Film
Will Bell Lightbox kill indie cinemas in Toronto?
As the city gears up for the 35th annual Toronto International Film Festival and the grand opening of the Bell Lightbox this September, much attention has been focused on the changing face of local film exhibition.
With its impressive facilities and a mandate to screen first-run films, retrospectives and specialty programming, the Bell Lightbox has been positioned by the Festival Group as a much-needed locus for film culture within the city, as well as an opportunity to bridge the gap between commercial multiplexes and artist-run centres.
Still, there has been some cynicism as to whether the new facilities will ultimately shift attention away from some of the more venerable independent theatres in the city by offering up a state-of-the-art venue to house smaller festivals and screen non-blockbuster fare. While this obviously has yet to be seen, a look back at the history of film exhibition in Toronto reveals that the city has always had an ever-evolving and rather complicated relationship with the medium.
While Toronto had its first taste of "moving pictures" at the Industrial Exhibition of 1896 with the debut of Thomas Edison's Vitascope, the first permanent movie house built in the city was The Theatorium (later the Red Mill) at 183 Yonge Street. Opening in 1906 with a screening of Edison's own "The Train Wreckers" (1905), the theatre was a meager one hundred feet by seventeen feet, and cycled twenty-minute programs comprised of short melodramas, comedies, and travelogues.
A lecturer stood at the front of the theatre and entertained audiences with playful anecdotes that were designed to distract viewers as projectionists prepared the next reel.

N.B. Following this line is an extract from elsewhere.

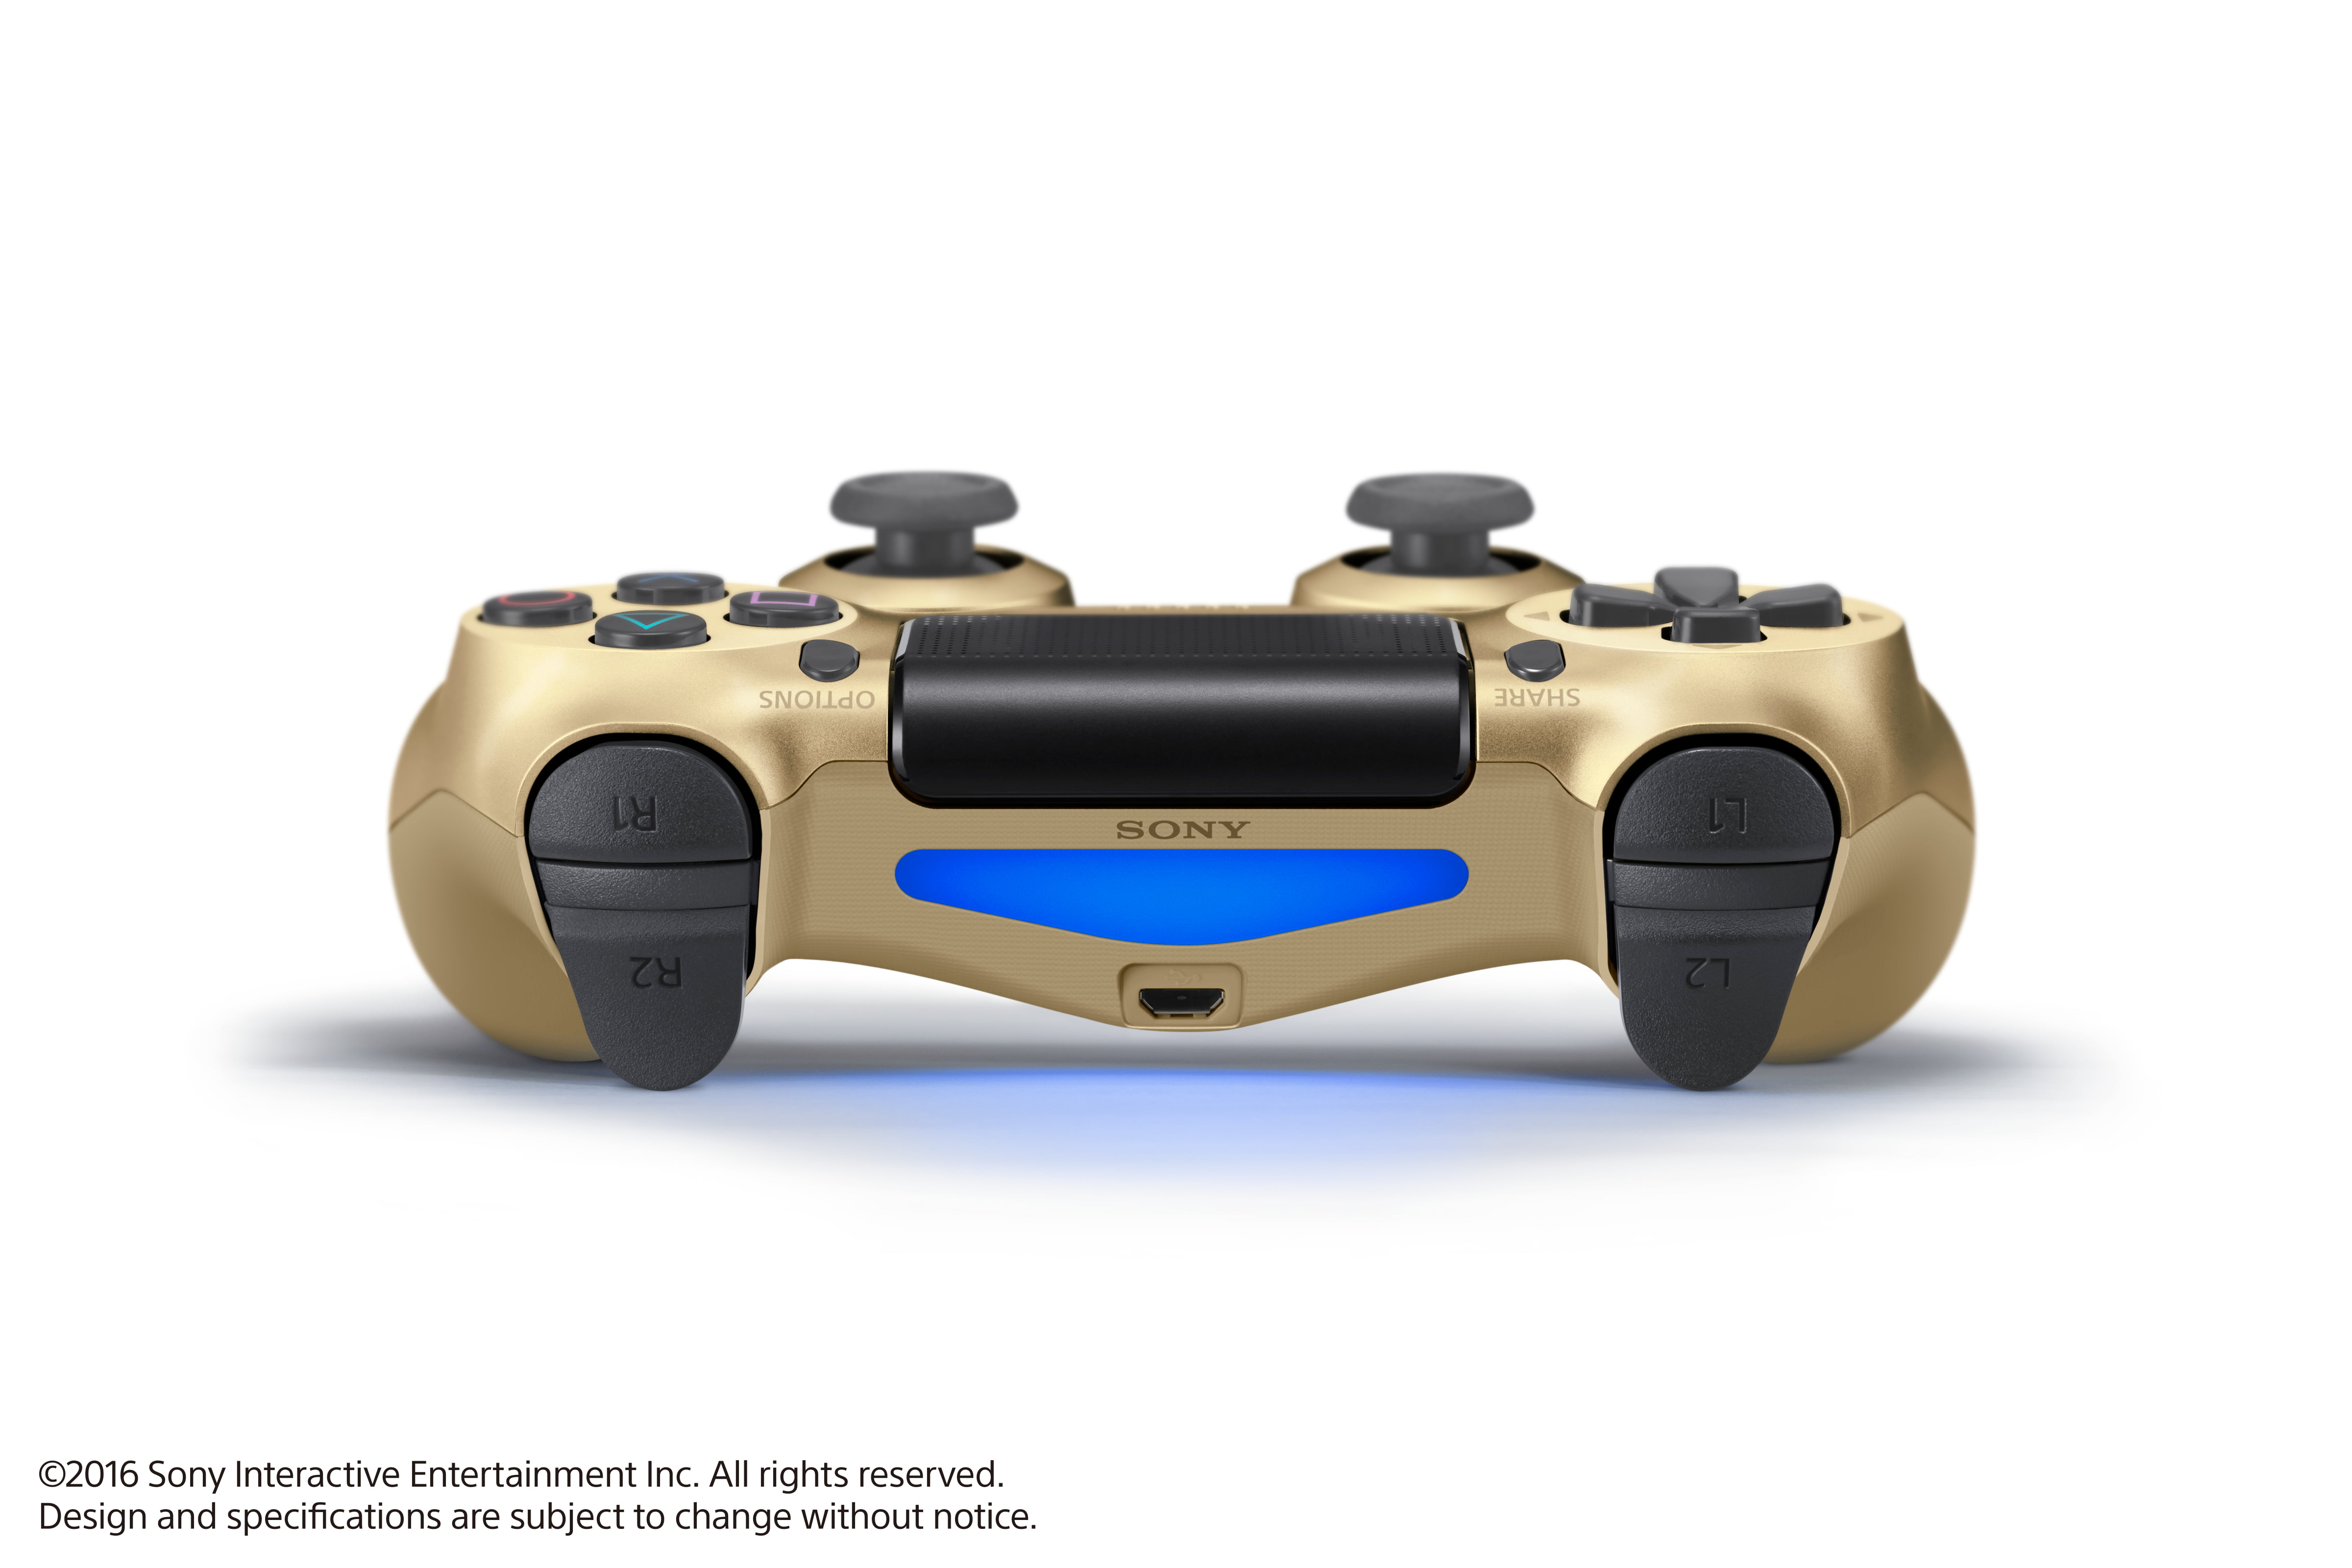 Sony PlayStation 4 DualShock 4 - Walmart.com

Spectators sat and stood in the gallery, and were encouraged to move up as each patron exited the theatre in order to ensure that there was an efficient turnaround.
The venue was popular enough to set off a wave of new theatres in the city, with other notable locations including the Auditorium (later the Mary Pickford Theatre) at the northwest corner of Spadina and Queen (now a McDonald's), the Comique Theatre at Yonge and Dundas, the Revue Cinema (1912) at 400 Roncesvalles, and the Fox Theatre (1914) at Queen Street East and Beech Avenue, the Eglinton Grand (1936) on Yonge and the Kingsway Theatre (1939) at Royal York and Bloor.

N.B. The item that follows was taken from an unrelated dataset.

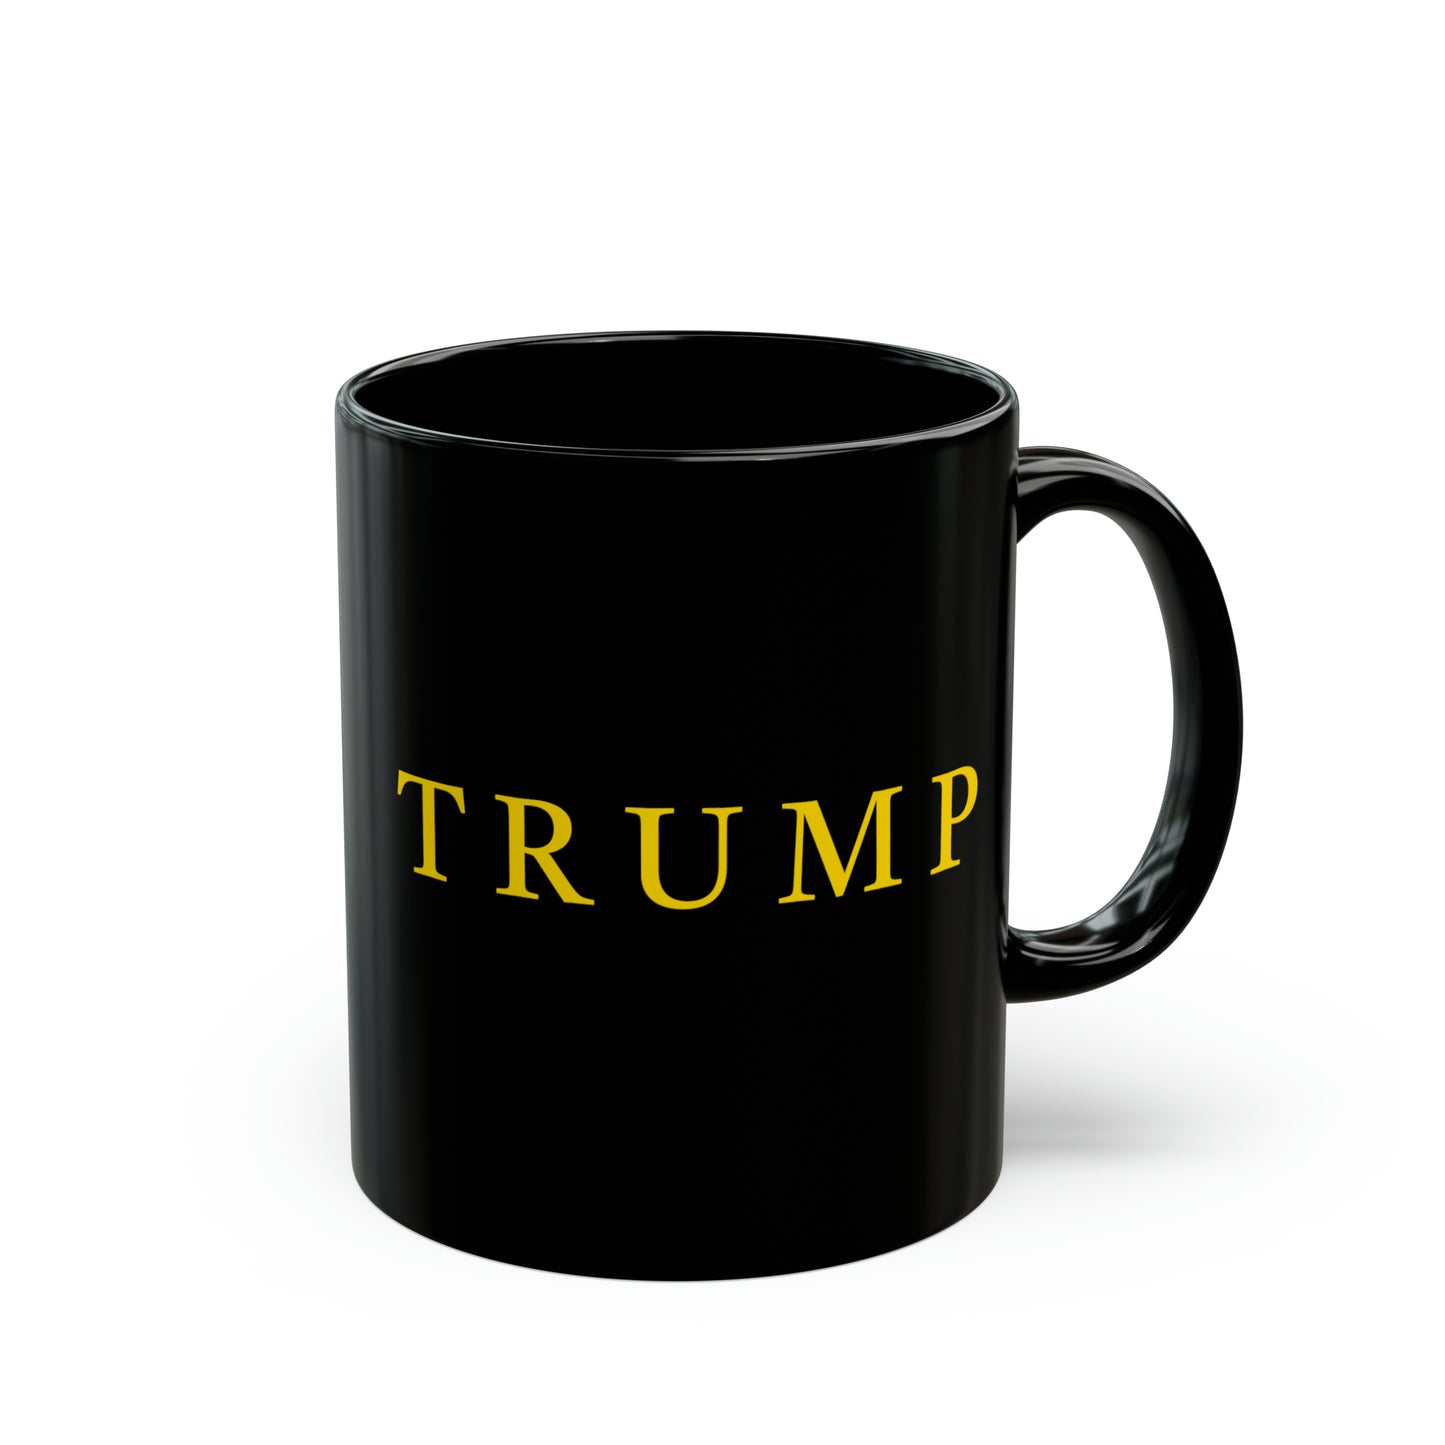 TRUMP Black coffee cup

The current Bloor Cinema opened in 1905 as the Madison Theatre, and it held a Class A license, which permitted both theatrical performances and film screenings. The venue would go through a number of transformations over the course of the next one hundred years - in 1941 it would become a Class C establishment (showing vaudeville and movies) renamed the Midtown; in 1967 it would become the Capri Theatre; and in 1973 it reopened as an adult movie house known as the Eden. It was only in 1979 that the venue was christened the Bloor and transitioned into a repertory cinema. (A bit of trivia: the original Bloor Cinema was actually housed across the street in what is currently Lee's Palace.)

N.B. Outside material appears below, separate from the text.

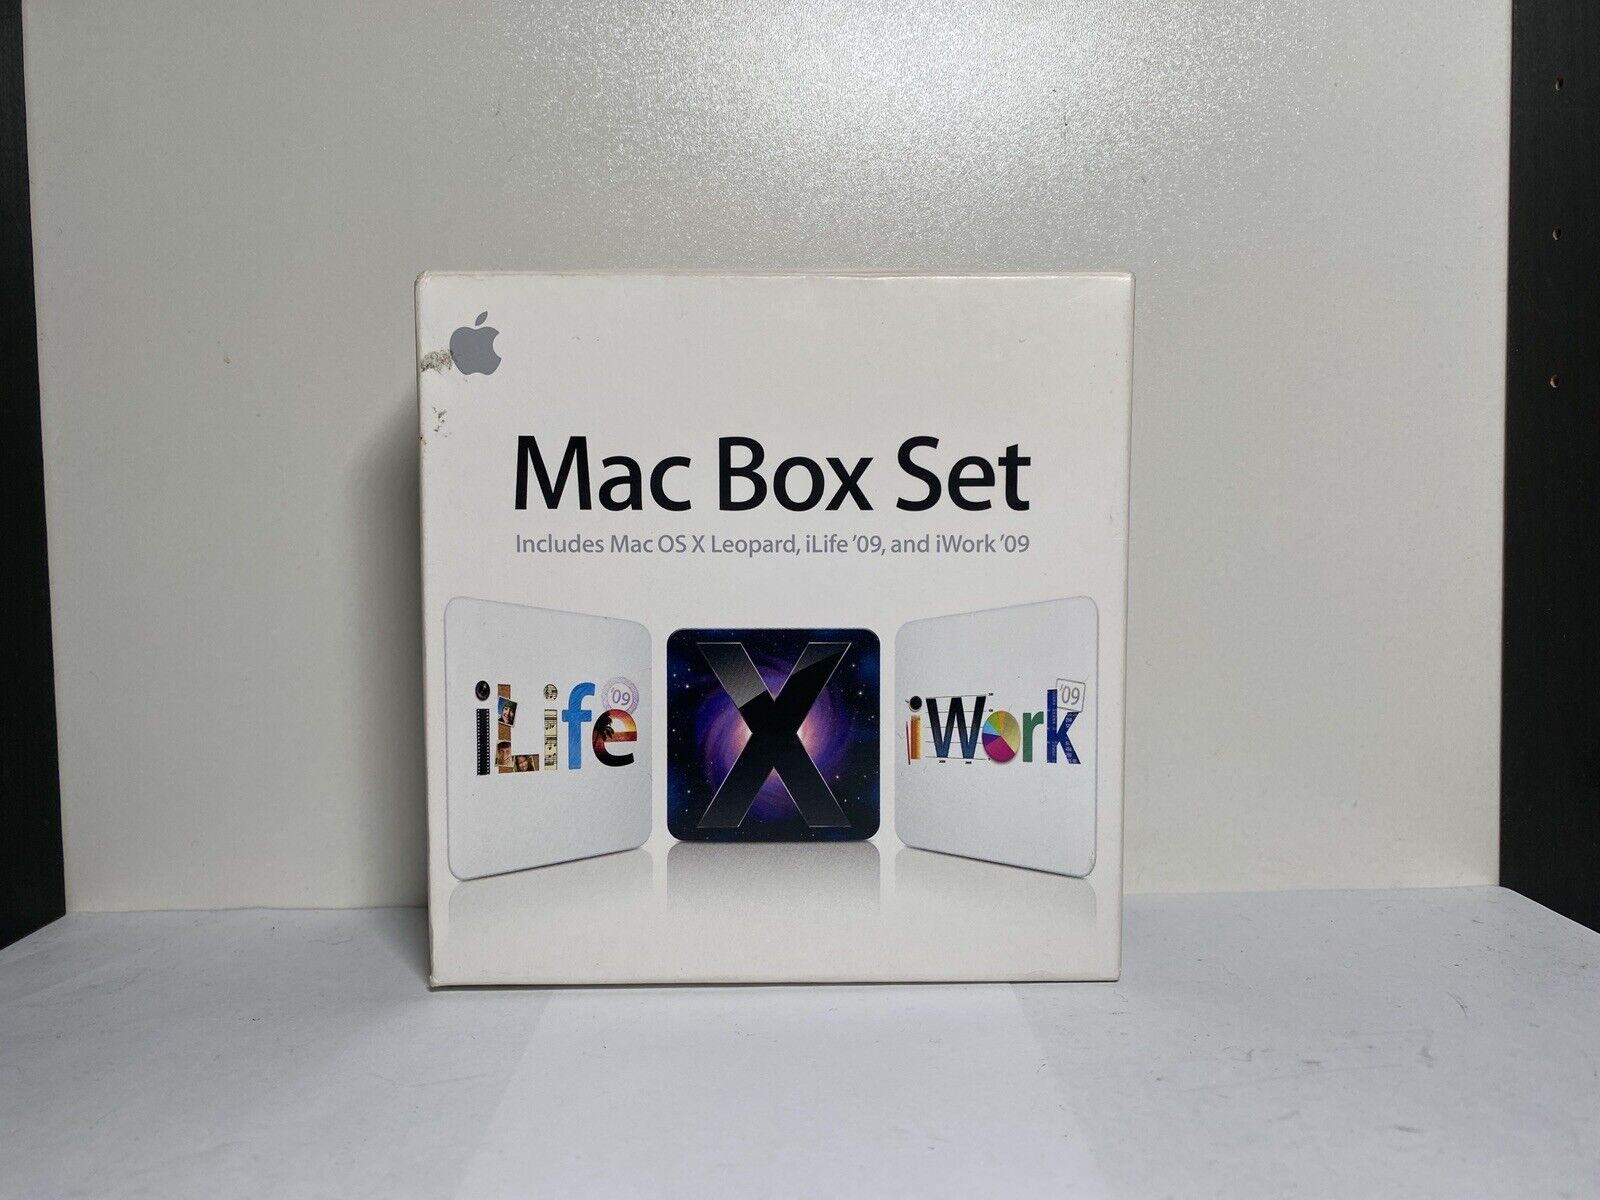 Mac Box Set OS X Leopard 10.5.6 iLife 09 iWork 09, MB997Z/A Complete

The current Elgin and Winter Garden Theatre started its life in 1913 as the Loew's Yonge Street Theatre, with the upper level Winter Garden Theatre opening up the following year. The shift away from vaudeville to motion pictures led to the closure of the upper level in 1928, and the downstairs became a movie-only venue from 1930 onward, with the Canadian premieres of /Gone With the Wind/ and /The Wizard of Oz/ taking place at
the facility.
With the introduction of Cinemascope, structural changes were made to the building that led to the removal of opera boxes, orchestra pit and proscenium arch, and the building was sold, re-branded the Elgin, and transformed into a second-run movie house during the 1970s. It closed its doors in 1981, only to be designated a National Historic Site and restored as the last remaining "stacked" theatrical venue later in that decade.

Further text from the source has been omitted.